A construction worker has been sentenced to life in prison for the “senseless” murder of a Saudi Arabian student in Cambridge.

Chas Corrigan, of Holbrook Road, was sentenced at Cambridge Crown Court on Thursday after stabbing 20-year-old Mohammed Algasim in the neck outside student accommodation in August 2025. He must serve a minimum of 22 years and six months, having been found guilty of murder at an earlier trial.

The court heard Algasim, who had been studying at a language school, was sitting with friends near Cambridge Railway Station when he was attacked. Prosecutors said Corrigan, who had drunk beer, gin and several vodka drinks and taken cocaine, struck him with a kitchen knife he claimed to be carrying for protection. The killing was captured on CCTV, and the two had never met before.

Mr Justice Dias described the killing as “fuelled by alcohol and cocaine and anger”, telling the court Corrigan had taken a “lethal combination” and posed “a high risk of serious harm to the public”. He said Algasim “was an entirely innocent member of the public” who had been robbed of “the promising life ahead of him”.

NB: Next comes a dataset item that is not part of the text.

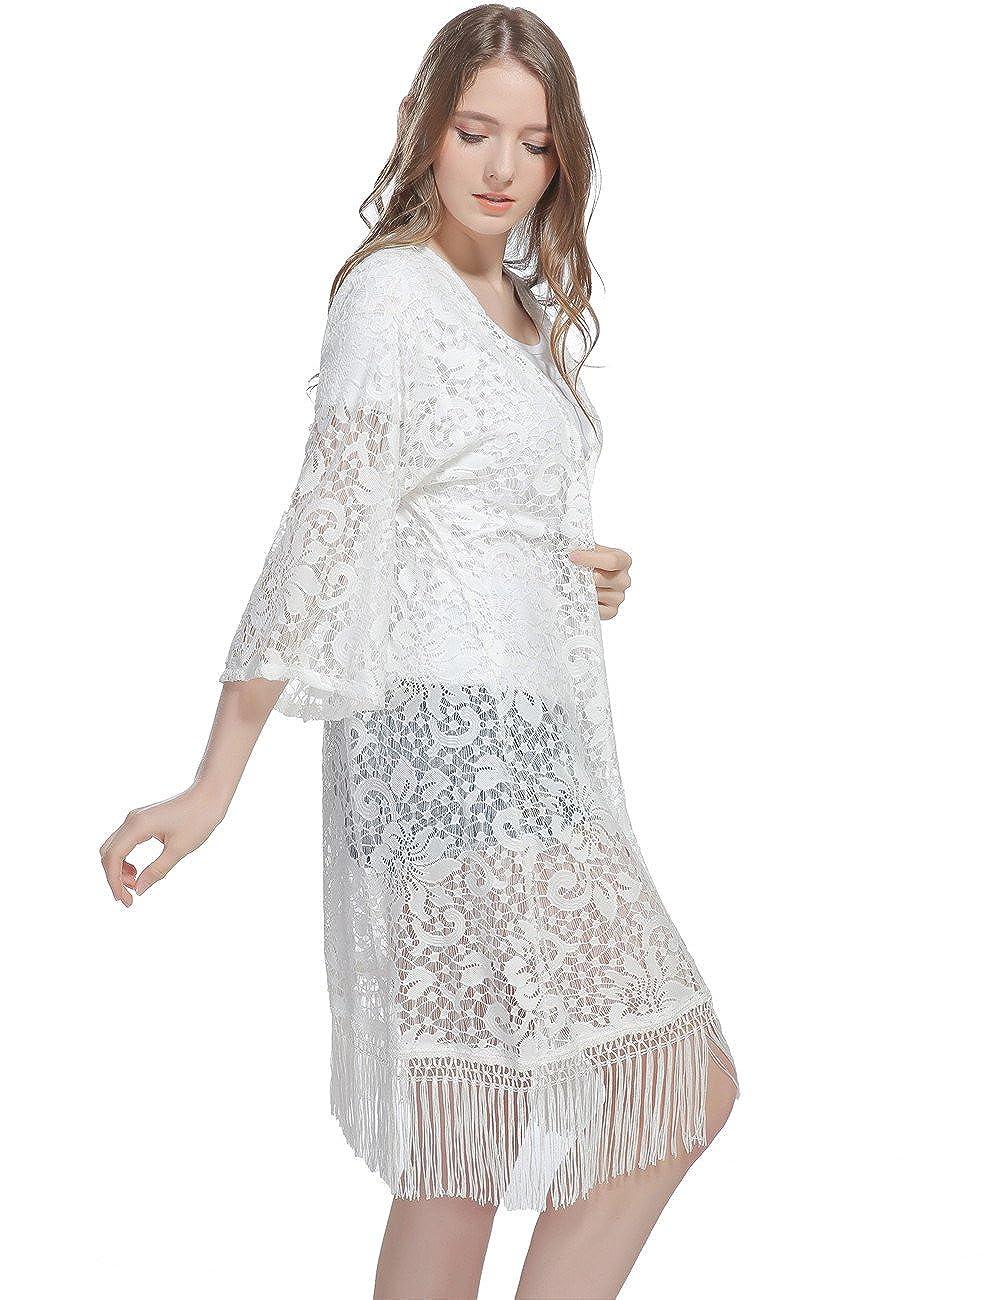 ba34f47dd2a Genovega Lace Women s Beach Kimono Cover up - Summer Sleeve White Soft  Crochet Ruana Bikini Cover Swimwear Swimsuit Coverup Dress Summer Beach  Outfit for ...

The judge dismissed Corrigan’s claimed remorse as ringing “hollow” in light of his “continuing falsehoods” about the attack. “Perhaps no-one will ever understand why you did what you have done,” he said. “It was literally senseless. It made no sense.”

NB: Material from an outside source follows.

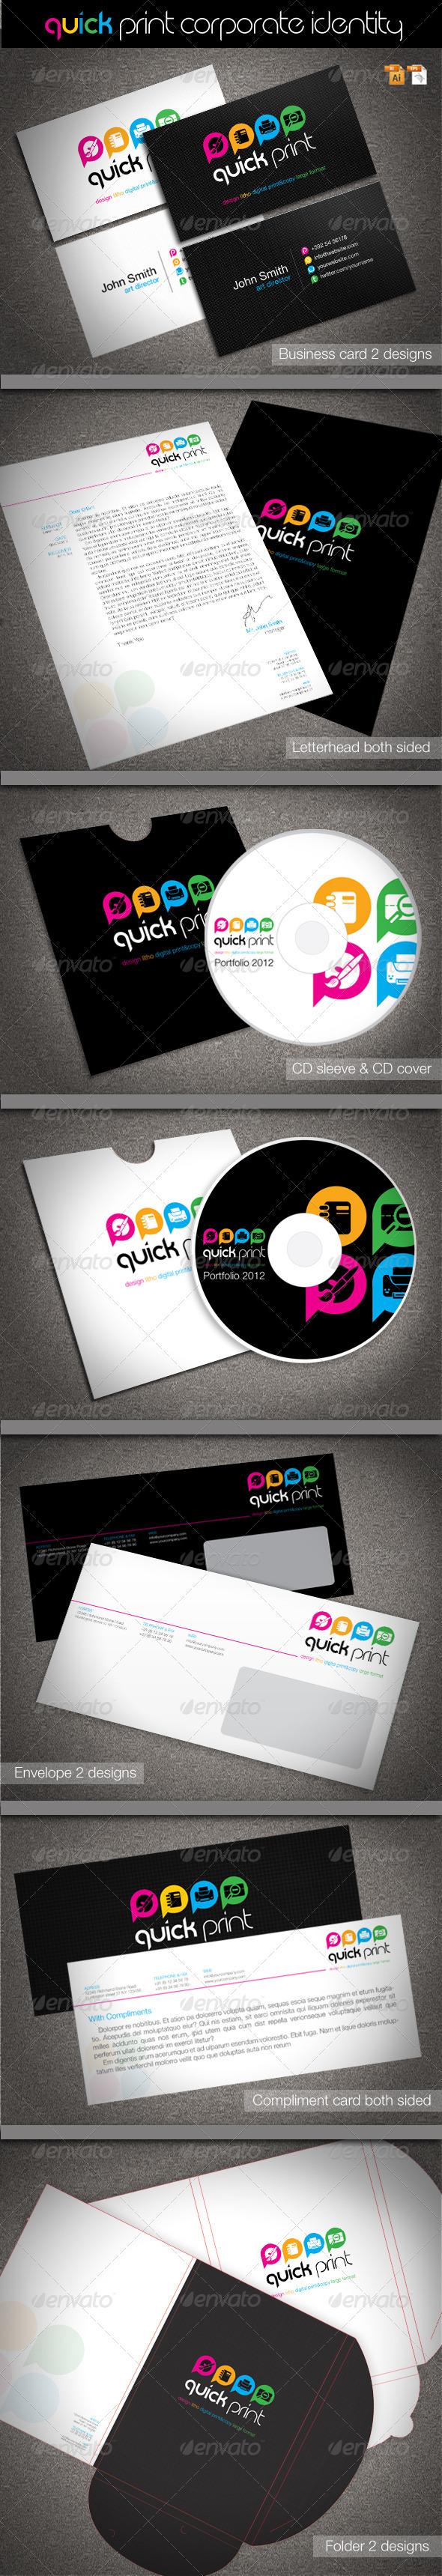 Quick Print Corporate Identity

Corrigan’s father, Peter Corrigan, 50, was jailed for two years after admitting assisting an offender by concealing high-visibility clothing his son had worn during the attack.

In a statement to the court, Algasim’s father, Yousef Al Qasim, said he had sent his son abroad “full of hope for his future, only for him to return as a victim of senseless violence”. The judge said the family suffered “life-changing grief”, adding that the loss had been “catastrophic” to Algasim’s mother.